Get started with Sparkling Water in a few easy steps
1. Download Spark if not already installed from: Spark Downloads Page
2. Download Sparkling Water and point it to the existing installation of Spark by setting the SPARK_HOME environment variable:
export SPARK_HOME='/path/to/spark/installation'
3. From your terminal, run:
cd ~/Downloads
unzip sparkling-water-1.2.6.zip
cd sparkling-water-1.2.6
bin/sparkling-shell
4. Create H2O cloud inside Spark cluster:
import org.apache.spark.h2o._
val h2oContext = new H2OContext(sc).start()
// Or if you know the number of Spark workers:
// val h2oContext = new H2OContext(sc).start( <number of Spark workers> )
import h2oContext._
5. Follow this demo, which imports airlines and weather data and runs predictions on delays.
Launch Sparkling Water on Hadoop using Yarn.
1. Download Spark if not already installed from: Spark Downloads Page.

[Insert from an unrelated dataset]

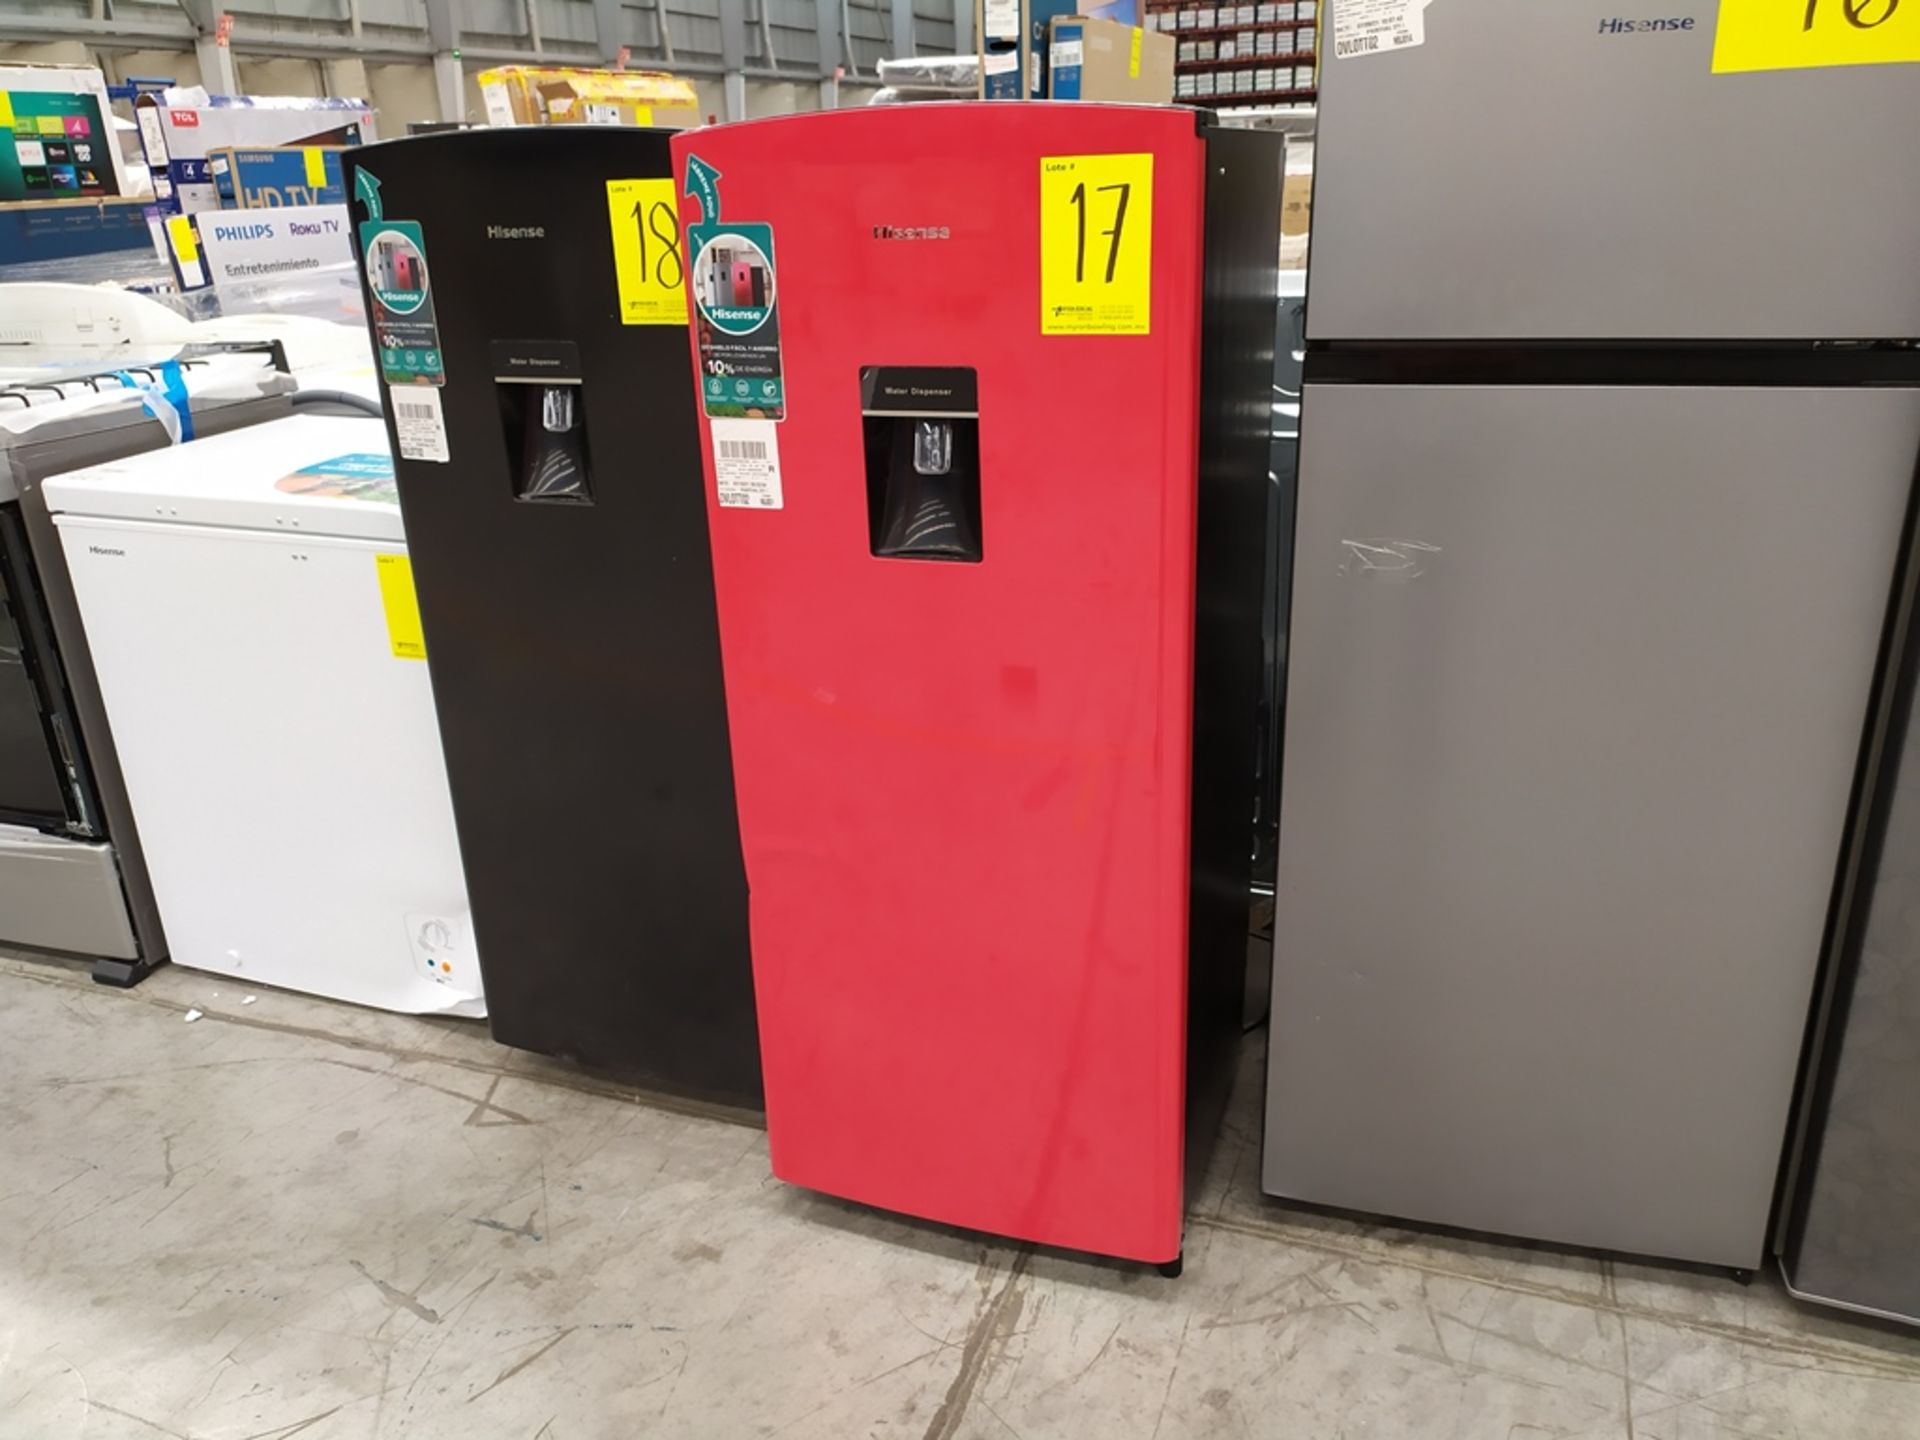 Refrigerador Convencional marca Hisense, Modelo RR63D6WRX, Serie 1B0176Z0200JBC147E20005, Color Roj - Image 2 of 8
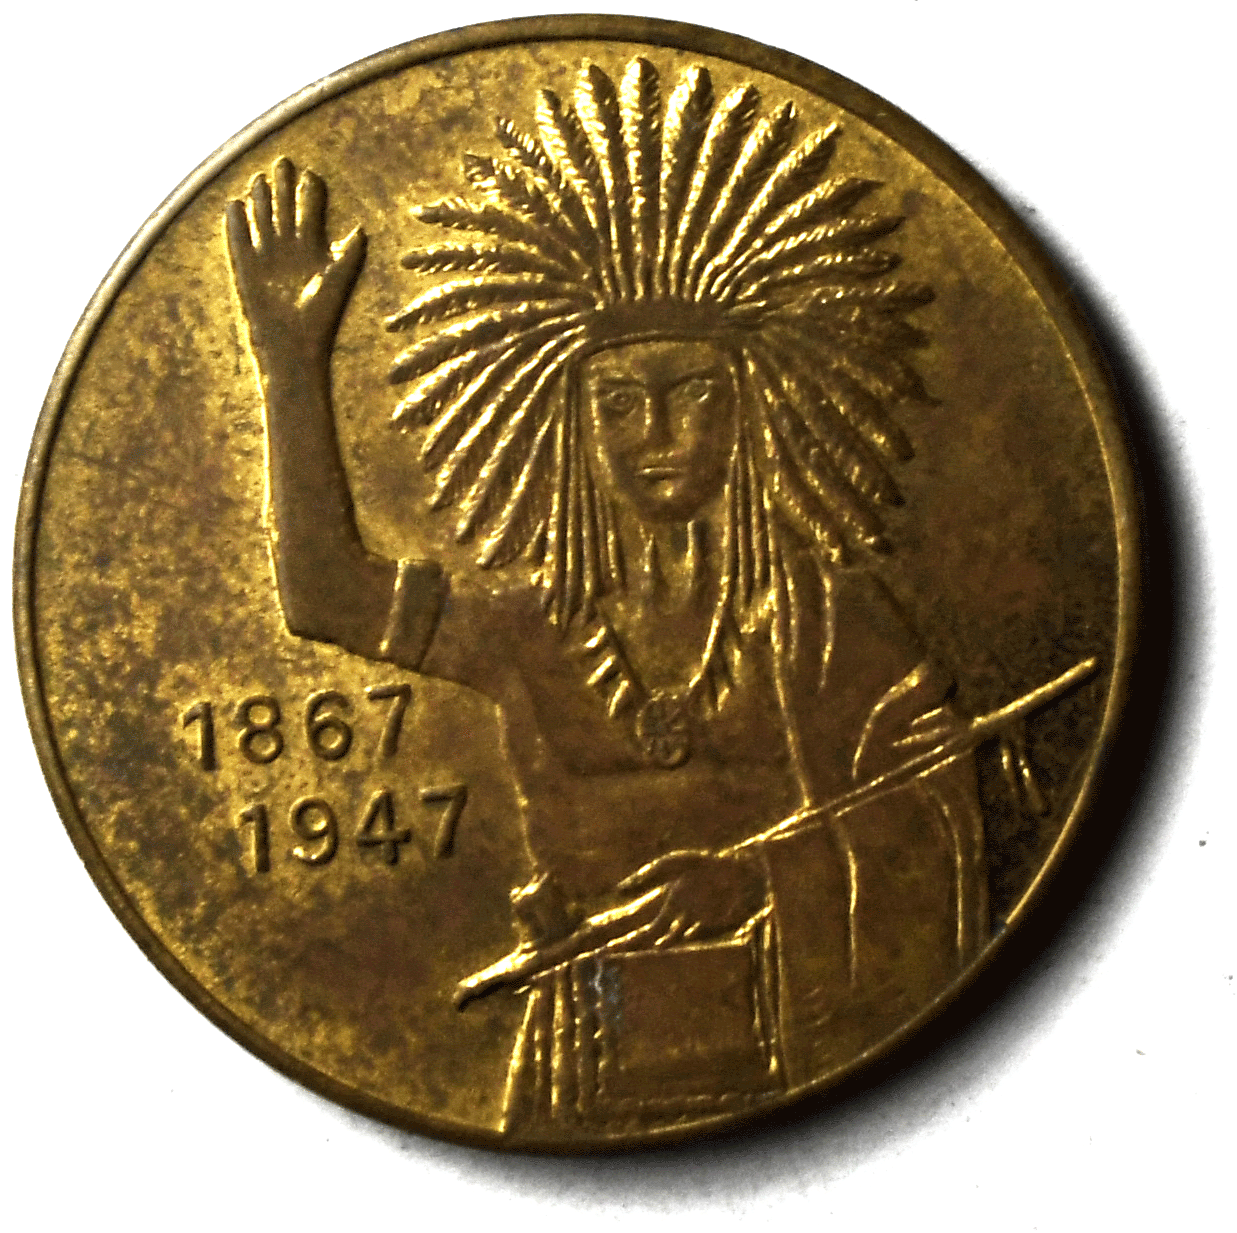 1947 Ellsworth Kansas 80th Anniversary Medal 28mm

2. Download Sparkling Water and point it to the existing installation of Spark by setting the SPARK_HOME environment variable:
wget /sparkling-water-1.2.6.zip
export SPARK_HOME='/path/to/spark/installation'
3. Set the HADOOP_CONF_DIR and Spark MASTER environmental variables.
export HADOOP_CONF_DIR=/etc/hadoop/conf
export MASTER="yarn-client"
4. Use spark-submit to launch Sparkling Shell on YARN.
unzip sparkling-water-1.2.6.zip
cd sparkling-water-1.2.6/
bin/sparkling-shell --num-executors 3 --executor-memory 2g --master yarn-client
5. Create H2O cloud inside Spark cluster:
import org.apache.spark.h2o._
val h2oContext = new H2OContext(sc).start()
import h2oContext._
Launch H2O on a Standalone Spark Cluster
1. Download Spark if not already installed from: Spark Downloads Page.
2. Download Sparkling Water and point it to the existing installation of Spark by setting the SPARK_HOME environment variable:
export SPARK_HOME='/path/to/spark/installation'
3. From your terminal, run:
cd ~/Downloads
unzip sparkling-water-1.2.6.zip
cd sparkling-water-1.2.6
bin/launch-spark-cloud.sh
export MASTER="spark://localhost:7077"
bin/sparkling-shell
4. Create H2O cloud inside Spark cluster:
import org.apache.spark.h2o._
val h2oContext = new H2OContext(sc).start()
// Or if you know the number of Spark workers:
// val h2oContext = new H2OContext(sc).start( <number of Spark workers> )
import h2oContext._